Hey all, I have a single shot .410 and an old single shot 20 gauge. I am looking to upgrade to something better for turkey and deer (as a backup to my rifle or if I ever get the chance to hunt in the shotgun zone as I normally hunt in rifle territory).

I see Remington has Model 870 Express Turkey Deer Combo. It comes with a 21" Vent Rib Rem Choke (Turkey Extra Full), twin bead barrel and a 23" Fully Rifled Deer barrel with Cantilever Scope mount. I can get one for $460 if I get it before the end of the year. It's matte black with Mossy Oak Breakup stock. 

This seems to be the perfect fit for what I am looking for. However, am I better off getting a dedicated turkey shotgun and a dedicated deer slug gun (like an H&R Ultra Slug Hunter)?


----------



## Critter (Mar 3, 2006)

I have always had good luck with Remington shotguns. I had an 11-87 that would shoot 1" groups at 100 yards with the right slugs. I think you would be well served with this combo.


----------



## hungry hunter (Jan 11, 2005)

that combo is perfect, it will give you many years of service and is perfectly suited for both deer and turkey.


----------



## Krackerracing (Apr 1, 2003)

I love my 870


----------



## tbbassdaddy (Apr 21, 2006)

hungry hunter said:


> that combo is perfect, it will give you many years of service and is perfectly suited for both deer and turkey.


----------



## OTIS (Feb 15, 2001)

DTrain said:


> Hey all, I have a single shot .410 and an old single shot 20 gauge. I am looking to upgrade to something better for turkey and deer (as a backup to my rifle or if I ever get the chance to hunt in the shotgun zone as I normally hunt in rifle territory).
> 
> I see Remington has Model 870 Express Turkey Deer Combo. It comes with a 21" Vent Rib Rem Choke (Turkey Extra Full), twin bead barrel and a 23" Fully Rifled Deer barrel with Cantilever Scope mount. I can get one for $460 if I get it before the end of the year. It's matte black with Mossy Oak Breakup stock.
> 
> This seems to be the perfect fit for what I am looking for. However, am I better off getting a dedicated turkey shotgun and a dedicated deer slug gun (like an H&R Ultra Slug Hunter)?


I bought that same combo 2-3 years ago on sale at gander Mountain for $350 (I had to buy a scope) I love it. I


----------



## Gobblerman (Dec 19, 2004)

Critter said:


> I have always had good luck with Remington shotguns. I had an 11-87 that would shoot 1" groups at 100 yards with the right slugs. I think you would be well served with this combo.


2nd that, my first Remington 12 gauge was a wingmaster with a 28 inch barrel. Great turkey gun, pheasant and deer gun as well. Then I went to an 870 express.
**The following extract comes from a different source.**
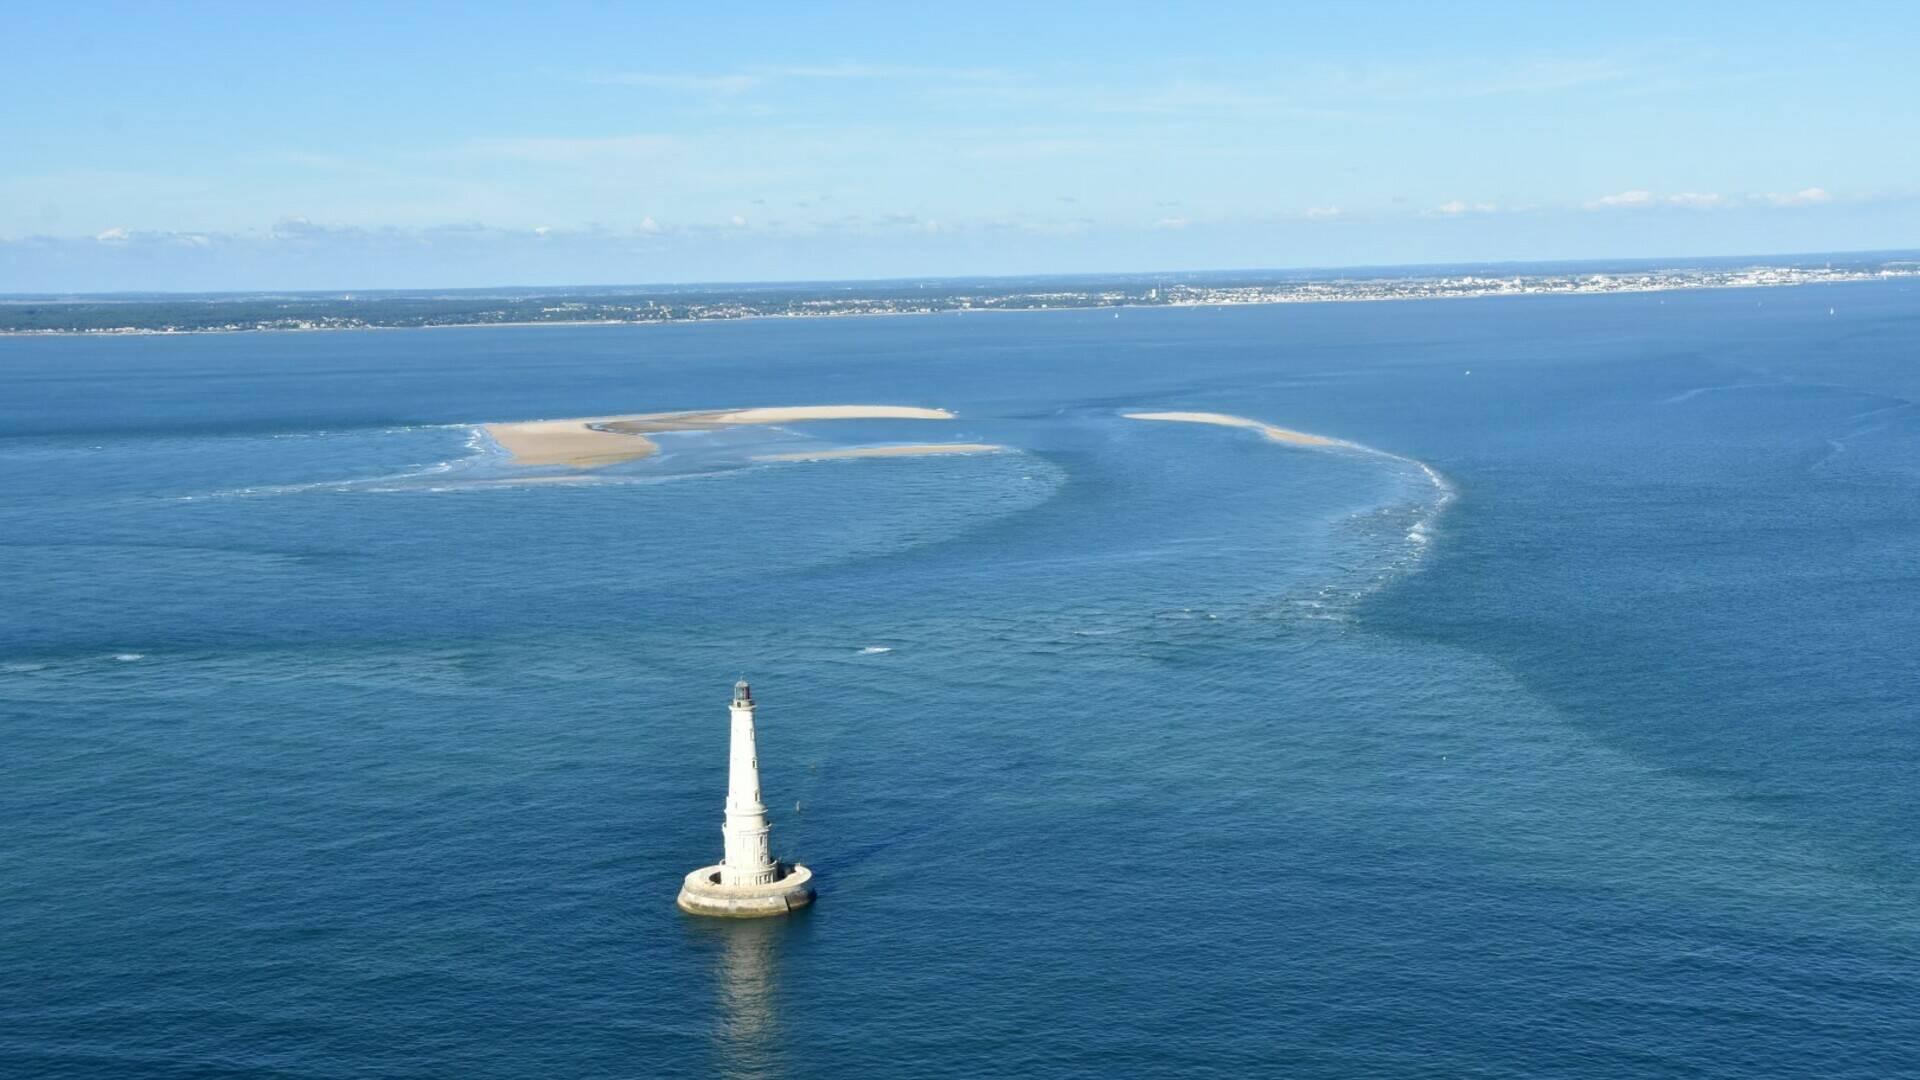 Vue aérienne du phare de Cordouan à marée haute © FDHPA 17

Now I have an 11-87 and love it.


----------



## OSXer (Jul 12, 2005)

Krackerracing said:


> I love my 870


Me too - I've a got a few now in a variety of gauges.


----------



## PA BUCK 2 (Oct 17, 2006)

Can not go wrong with the 870...There is a reason that they are still being made after all these years!!!
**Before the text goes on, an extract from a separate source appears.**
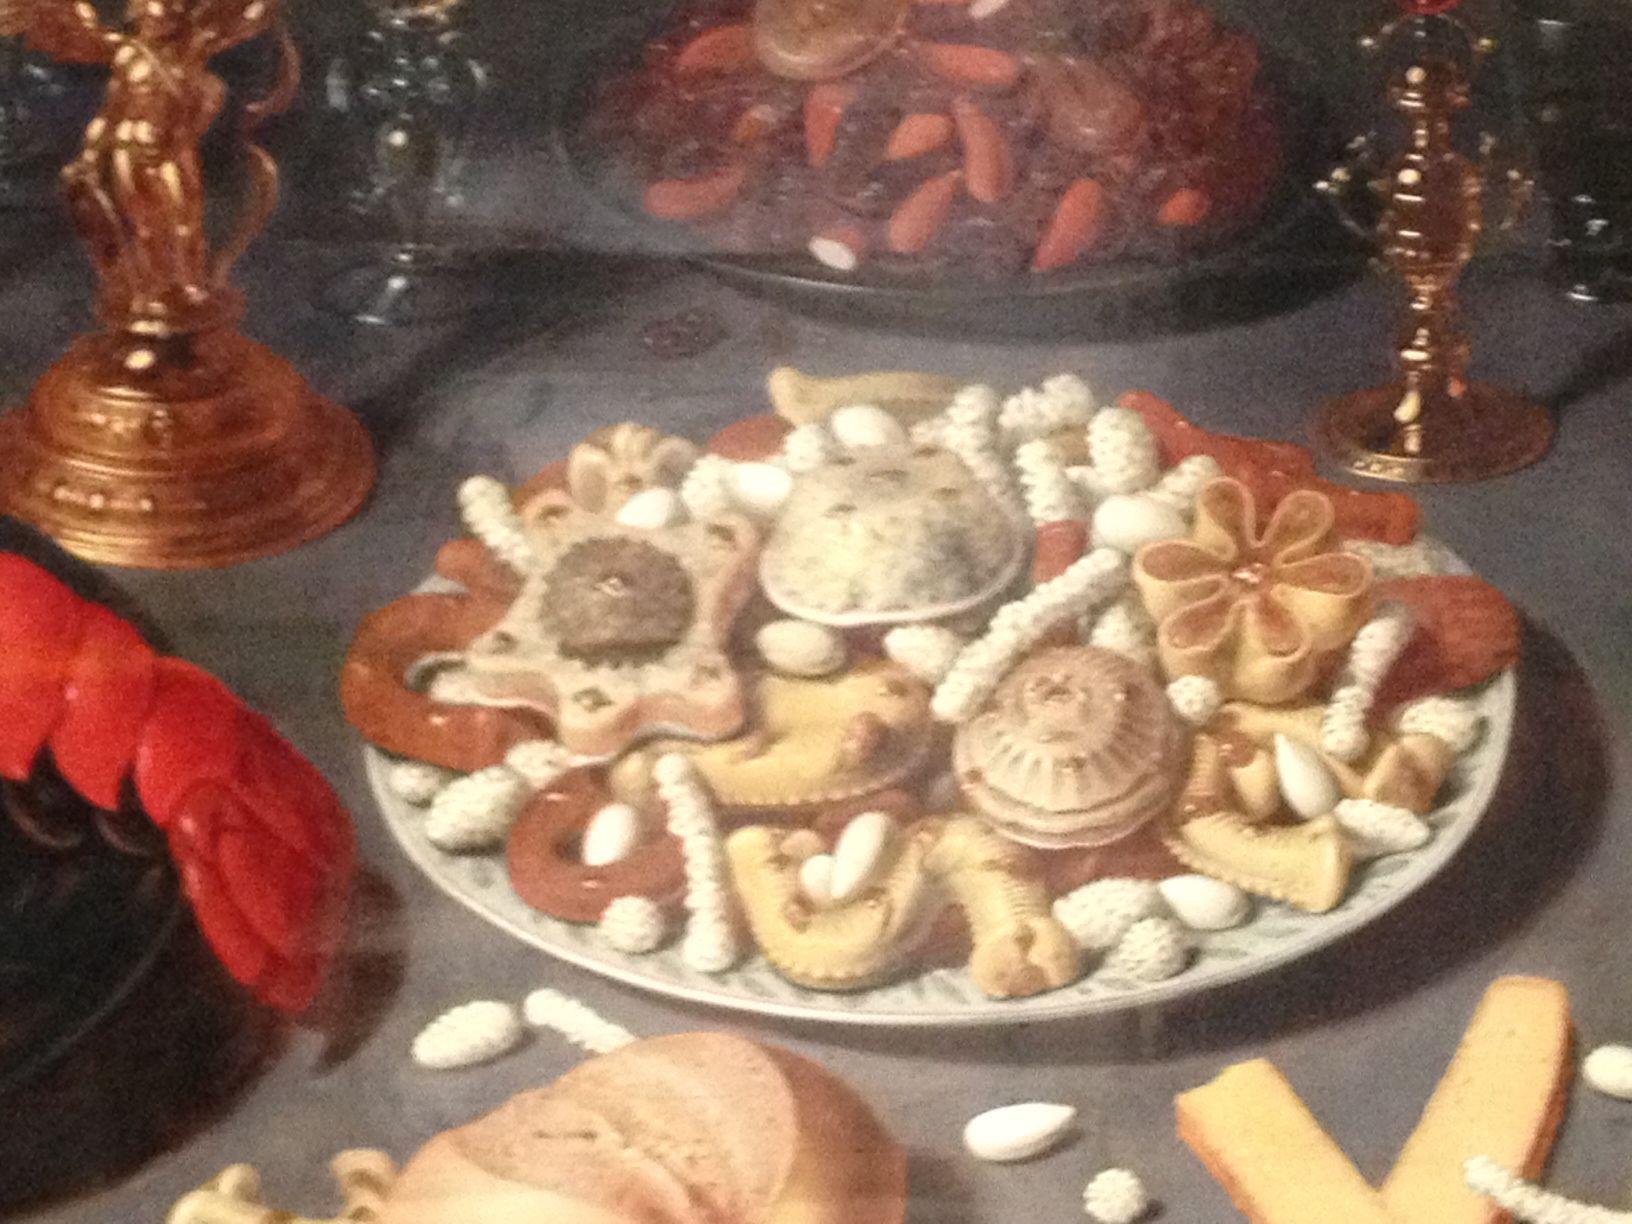 detail-of-rijckaert-painting.jpg (1632×1224)

I used to have 870 slug gun- gave it to my brother to use and it has not come back. Guess he figures I have Win 1300 slug gun so he gets to keep the 870... I need to talk with that boy. I also have 11-87 which has been a great shotgun for many years- never has let me down.

Good luck


----------



## Monsterbuck (Jun 18, 2003)

I bought the exact same combo about 3 years ago. I love it. I would suggest trying a Hastings choke with Remington 4X6 duplex shells for Turkey. Killer combination! Also for the slug barrel, make sure that the scope you get is able to withstand the kick. I have a Nikon shotgun scope on mine. I also shoot the Remington Ultra Bonded Sabot Slugs through mine. They definitely pack a punch and shoots pretty flat out to 150 yards, but they kick like a mule. Definitely won't go wrong with that gun.... Good luck!


----------